Capitol Buzz for Monday, 2/13
Five Stories To Think About Today
* Today the Legislature returns for the sixth week of the session. Now that they've passed the midway point, expect the pace of lawmaking to quicken. Subcommittees in both chambers are no longer meeting, and the Senate is readying its budget to match the House's or begin negotiations with the House.
* This afternoon the Senate will again take up prison privatization, SB 2038. The issue is a priority of Senate leadership, but there are a number of Republicans who are opposed, lead by Sens. Mike Fasano and Paula Dockery. The vote appears too close to call, with the Senate sharply divided.

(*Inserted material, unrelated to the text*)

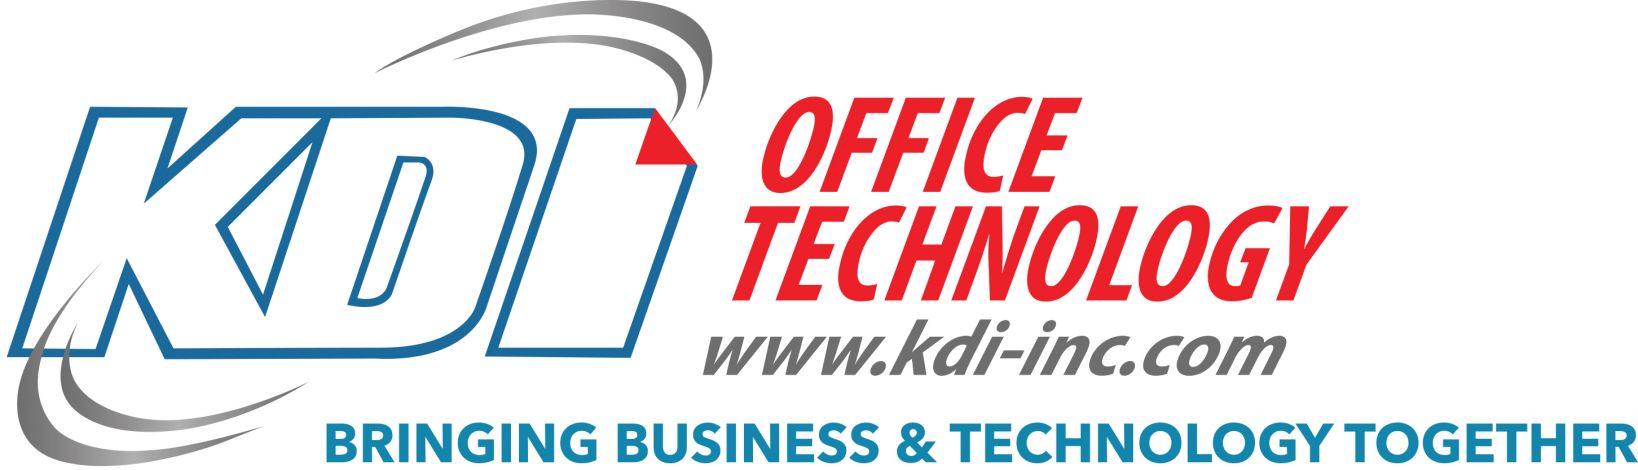 KDI Office Technology.jpg

* Also on the Senate calendar Monday are several items related to veterans issues. That includes a bill to create a Combat Infantry Badge license plate and a bill urging Congress to support efforts to commemorate the 40th anniversary of the end of U.S. involvement in the Vietnam War.
* The House education committee is taking up the school prayer bill that passed last week in the Senate. The bill, introduced by Sen. Gary Siplin, changed significantly in the Senate -- from allowing schoolchildren to deliver "prayers and benedictions" at noncompulsory assemblies at secondary schools to giving them freedom to deliver "inspirational messages" at any assembly of any school level.
* Finally, ready yourself for the roar of hundreds of motorcycle engines. Today ABATE, or American Bikers Against Totalitarian Enactments, will hold its annual rally in the Capitol courtyard. Each year ABATE lobbies to get $250,000 in the budget for motorcycle safety awareness.
Three Issues You Missed Over The Weekend
* A corrections officer and a Quincy man were charged with several counts of fraud Friday, after a joint IRS/FDLE investigation found the two were working together to get inmates' names and social security numbers to file fraudlent federal income tax returns without their knowledge.
* Nearly every state has signed off on a $25 billion deal with the nation’s largest mortgage lenders over foreclosure abuses that occurred after the housing bubble burst. Florida's share is second, at $8.4 billion, only behind California. And as part of the deal, five major banks — Bank of America, JPMorgan Chase, Wells Fargo, Citigroup and Ally Financial — will have three years to reduce loans for nearly 1 million households.
* The Legislature has advanced proposals for several billion dollars in new unfunded tax cuts that, if passed, will come out of the coffers of cities and counties across the state instead of the state budget.